Even without a technical solution like this, it is not terribly difficult to draw lines around 75%++ of comments and produce decent theories about what motivates each individual to say the (particularly incorrect) things they say...and it is even easier to predict what their responses will be if their claims are challenged (the algorithm/workflow seems amazingly simple, there are perhaps ~20 distinct categories of responses that cover ~90% of scenarios).
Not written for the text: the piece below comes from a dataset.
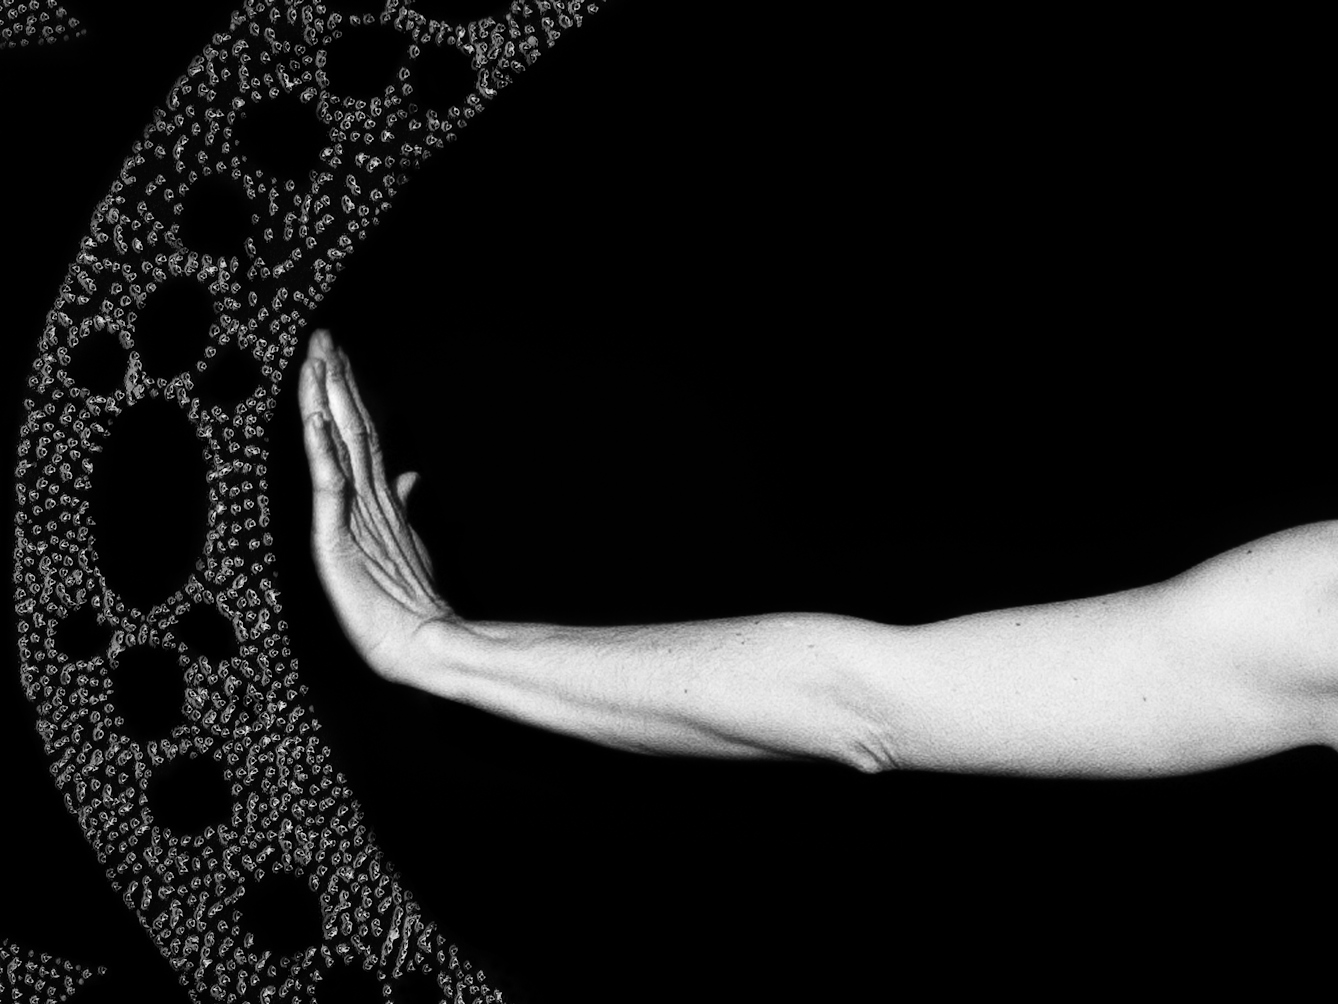 Artwork made up of a black and white photograph of a female figure from behind, from against a black background. Her left arm is held out straight to the side, her wrist and hand are held up indicating a stop action. To the left of her hand is part of a large ellipse made up of a layered texture of dots which forms a protective barrier against sharp tooth like forms approaching the barrier, also made up of layered textured dots.

Interestingly: humans are able to easily see this phenomenon clearly when they are dealing with children, but if the same suggestion is made regarding adults, opinions tend to change, and amplify in strength of belief (particularly among relatively intelligent people in my experience).

Note: I am pulling these numbers out of my ass, as humans do! But the underlying idea is fascinating to me, and I will make a bold prediction: humanity will be grappling with these ideas within 20 years, likely less.....I think it is unavoidable now that AI is in the wild.